Il cugino di Reyes alla Guardia Civil sull’incidente: “Eravamo in aria… stavamo volando”

Il cugino di Reyes alla Guardia Civil sull’incidente: “Eravamo in aria… stavamo volando”

Nell’incidente che ha portato alla morte di Josè Antonio Reyes erano presenti in macchina due suoi cugini. Juan Manuel, l’unico sopravvissuto, spiega alla polizia che l’auto “stava volando”.

di Redazione Il Posticipo

L’eccesso di velocità alla guida è per davvero qualcosa da evitare il più possibile. E che a volta si paga a caro prezzo. Uno degli ultimi casi più rumorosi è quello dell’ex giocatore di Siviglia, Real Madrid e Arsenal Josè Antonio Reyes. L’incidente stradale in cui ha perso la vita ha mietuto un’altra vittima: suo cugino Jonathan, mentre l’altro cugino Juan Manuel Calderon è ancora ricoverato in ospedale e lotta per la sua vita. La Guardia Civil, dopo alcuni rilievi, è riuscita a risalire alla velocità a cui viaggiava l’auto e ha confermato che superava i 220 km/h. E Juan Manuel, l’unico sopravvissuto, ha cercato di spiegare agli agenti la dinamica dell’incidente prima di perdere i sensi.

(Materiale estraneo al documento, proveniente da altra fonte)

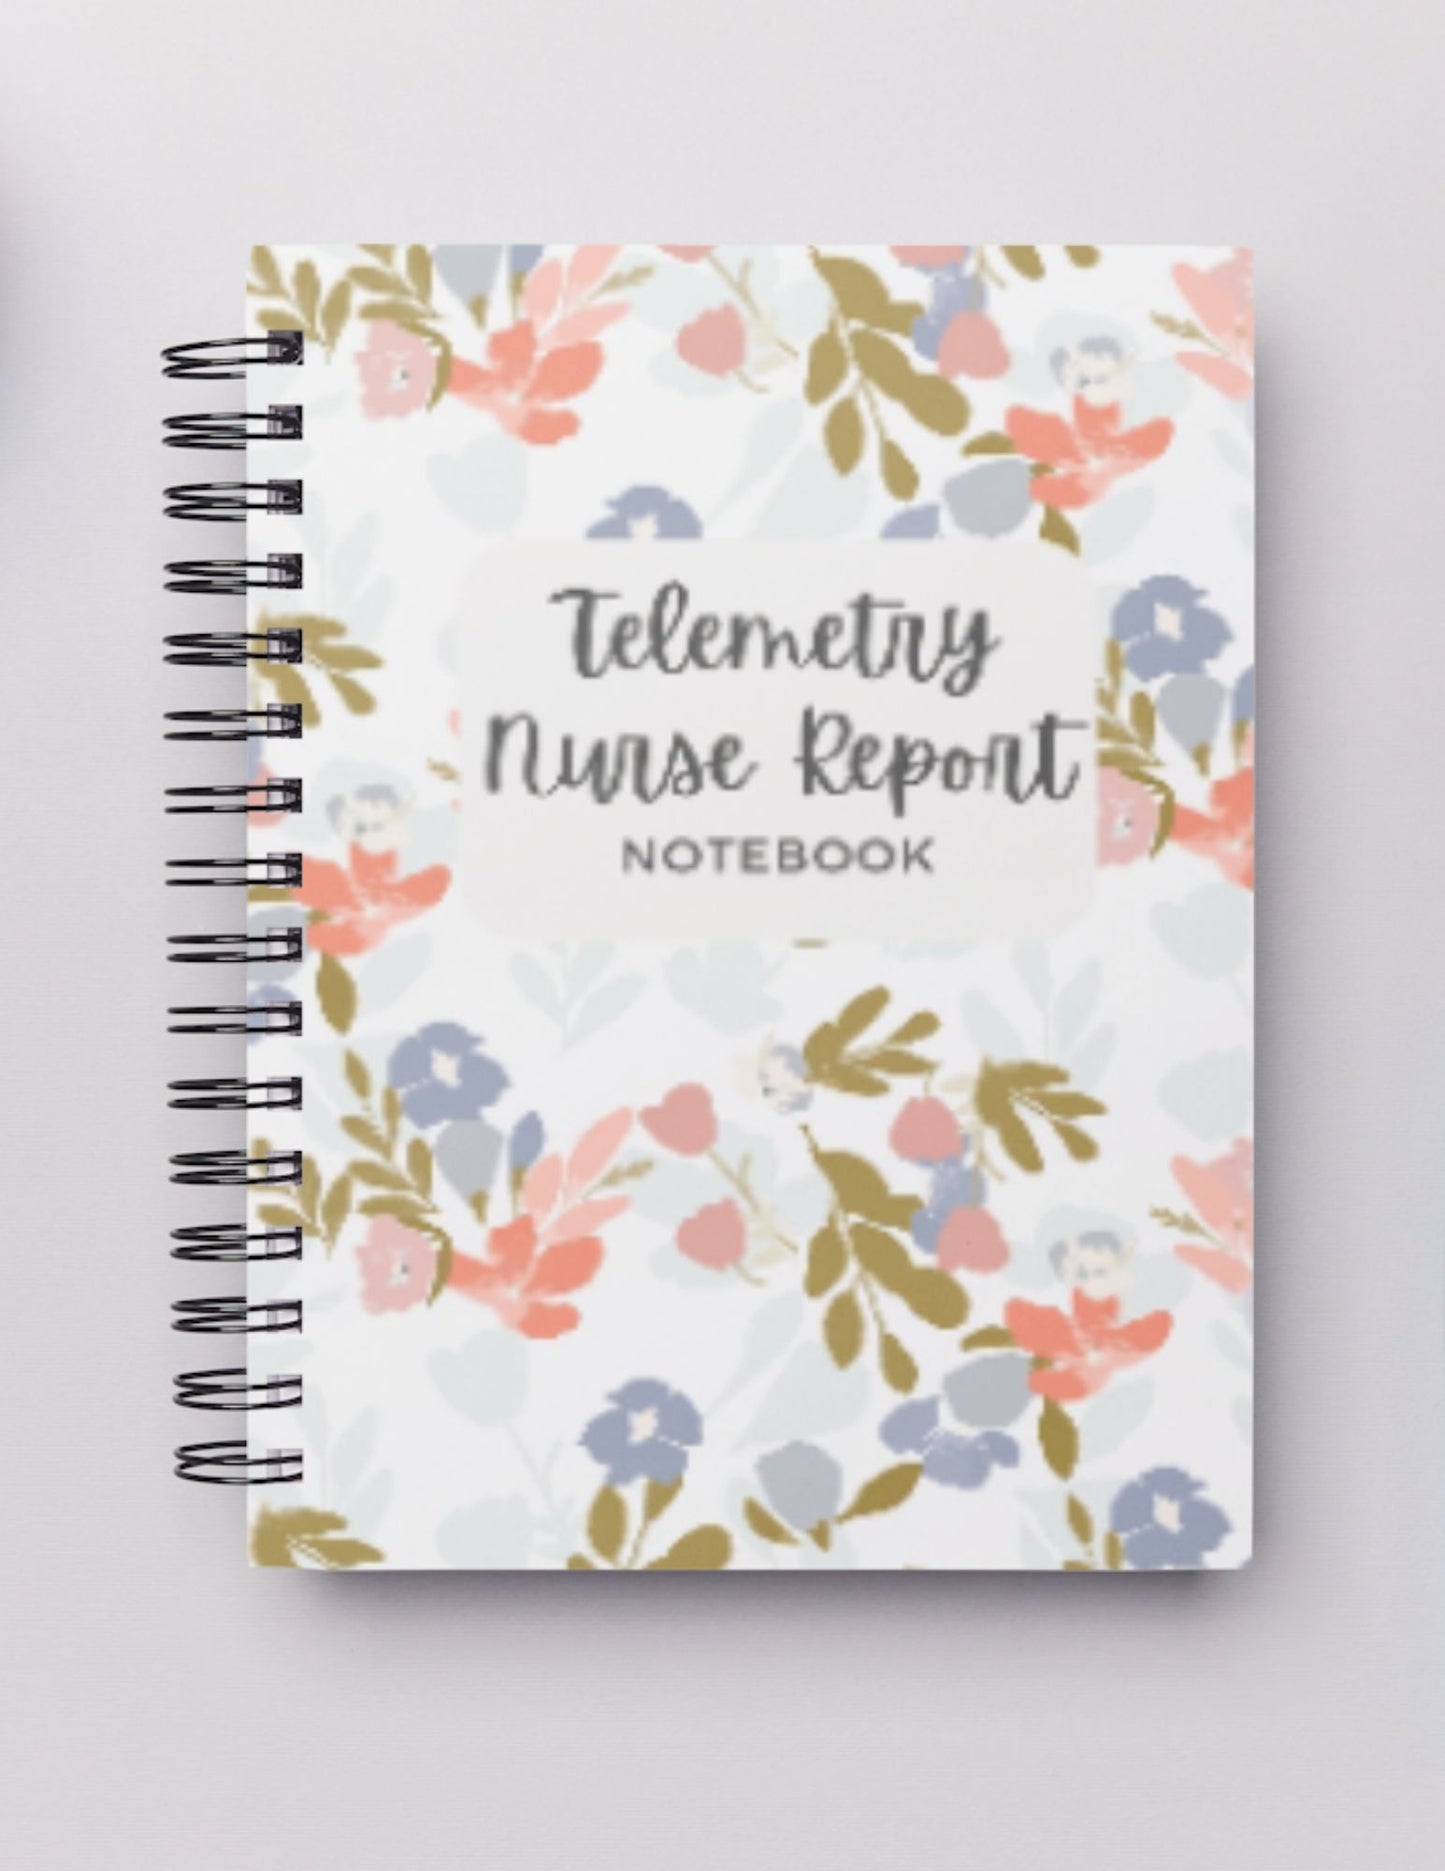 Telemetry (1 patient) Nurse Report Notebook

LA RICOSTRUZIONE – Quando i soccorsi sono arrivati sul luogo dell’incidente, Juan Manuel è stato sedato per alleviare la sofferenza procurata dalle forti ustioni che il ragazzo ha rimediato nel tentativo di soccorrere i cugini. Prima però il ragazzo è riuscito a lasciare qualche dichiarazione alla Guardia Civil, oggi pubblicate dalla sezione di cronaca del quotidiano El Mundo. Calderon ha spiegato che stava guardando fuori dal finestrino finché (“non so cos’abbia fatto Josè, non ricordo“) l’auto guidata dall’ex calciatore ha impattato il guard rail e ha lasciato il segno di una frenata per addirittura 90 metri. L’auto, purtroppo, non si è fermata: è uscita di strada colpendo una staccionata e distruggendo anche un muro di cemento spesso più di mezzo metro. Juan Manuel, però, ha raccontato un altro dettaglio: “Stavamo volando“.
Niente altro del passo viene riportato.